Uma contribuição muito importante do seu pensamento teológico foi o desenvolvimento da Doutrina Católica, que foi considerado por Bento XVI como “contributo decisivo para a renovação da Teologia”, introduzido no livro Ensaio sobre o Desenvolvimento da Doutrina Cristã, de 1845, onde expôs a ideia do desenvolvimento da doutrina para defender a doutrina católica de ataques e de críticas de alguns anglicanos e protestantes, que achavam que alguns elementos do catolicismo eram corrupções ou inovações contrárias aos ensinamentos de Jesus Cristo. Também argumentou que várias doutrinas católicas rejeitadas pelos protestantes (como a hiperdulia ou o purgatório) tinham um histórico de desenvolvimento análogo às doutrinas que foram aceites pelos protestantes (como a Trindade ou a união hipostática de Cristo). Este desenvolvimento foi consequência natural e benéfica do estudo e reflexão da razão humana sobre a Revelação divina, que é imutável. Porém, este estudo teológico levaria a Igreja Católica a perceber, progressivamente, certas realidades reveladas que, antes, não tinha compreendido explícita e totalmente.
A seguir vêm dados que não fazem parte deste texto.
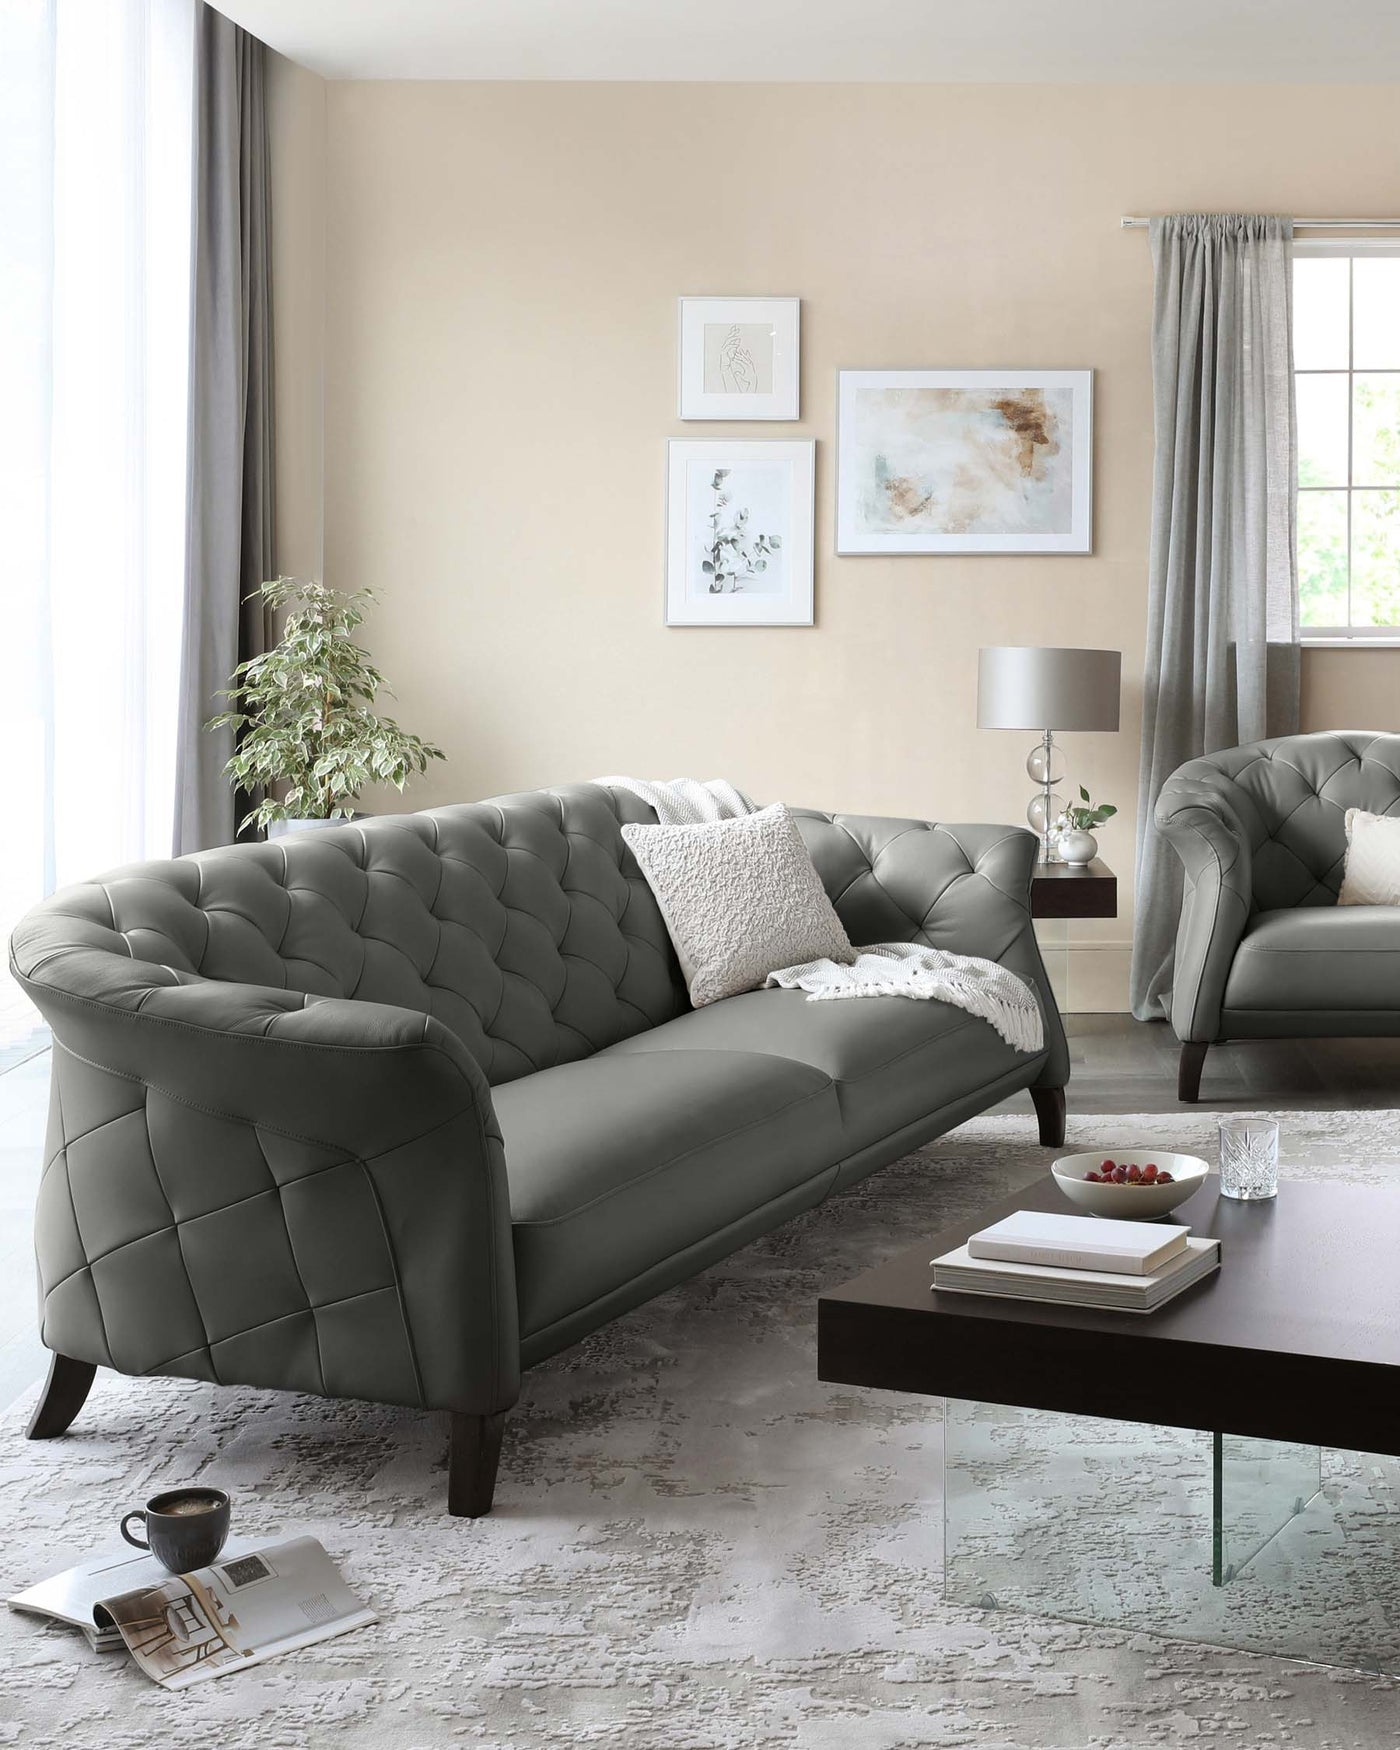 Elegant living room set featuring a tufted dark grey sofa with matching armchair, complemented by a modern dark brown rectangular coffee table with a glass bottom shelf. The room is accented with a soft textured area rug, simplistic white-and-silver decorative pillows, and a small round side table supporting a contemporary lamp with a grey shade.

O cardeal Newman defendeu que “a infalibilidade da Igreja é como uma medida adotada pela misericórdia do Criador para preservar a [verdadeira] religião no Mundo e para refrear a liberdade de pensamento que, evidentemente, em si mesma, é um dos nossos maiores dons naturais, mas que urge salvar dos seus próprios excessos suicidas”. E defendeu que a primazia papal, cuja força provém da Revelação divina, “completa a consciência natural iluminada de maneira apenas incompleta”, e “a sua razão de ser é o facto de ser o campeão da lei moral e da consciência”. Logo, para Newman, a liberdade de consciência, que implica o cumprimento obrigatório dos deveres divinos ditados pela própria consciência, é compatível com a primazia e com a infalibilidade papais.
A sabedoria e a ortodoxia doutrinária de Newman foram louvadas por Leão XIII, Pio X, e Pio XII. No século XX, já depois da morte do cardeal Newman, o Papa Pio XII chegou mesmo a afirmar que Newman é a “Glória da Inglaterra e de toda a Igreja”. A canonização de John Henry Newman, um grande defensor da consciência (que não dispensa da observância dos princípios éticos e do cumprimento da lei moral), ofereceu o ensejo para considerar, novamente, as profundezas teológicas do retorno do Papa Francisco à tradição católica negligenciada.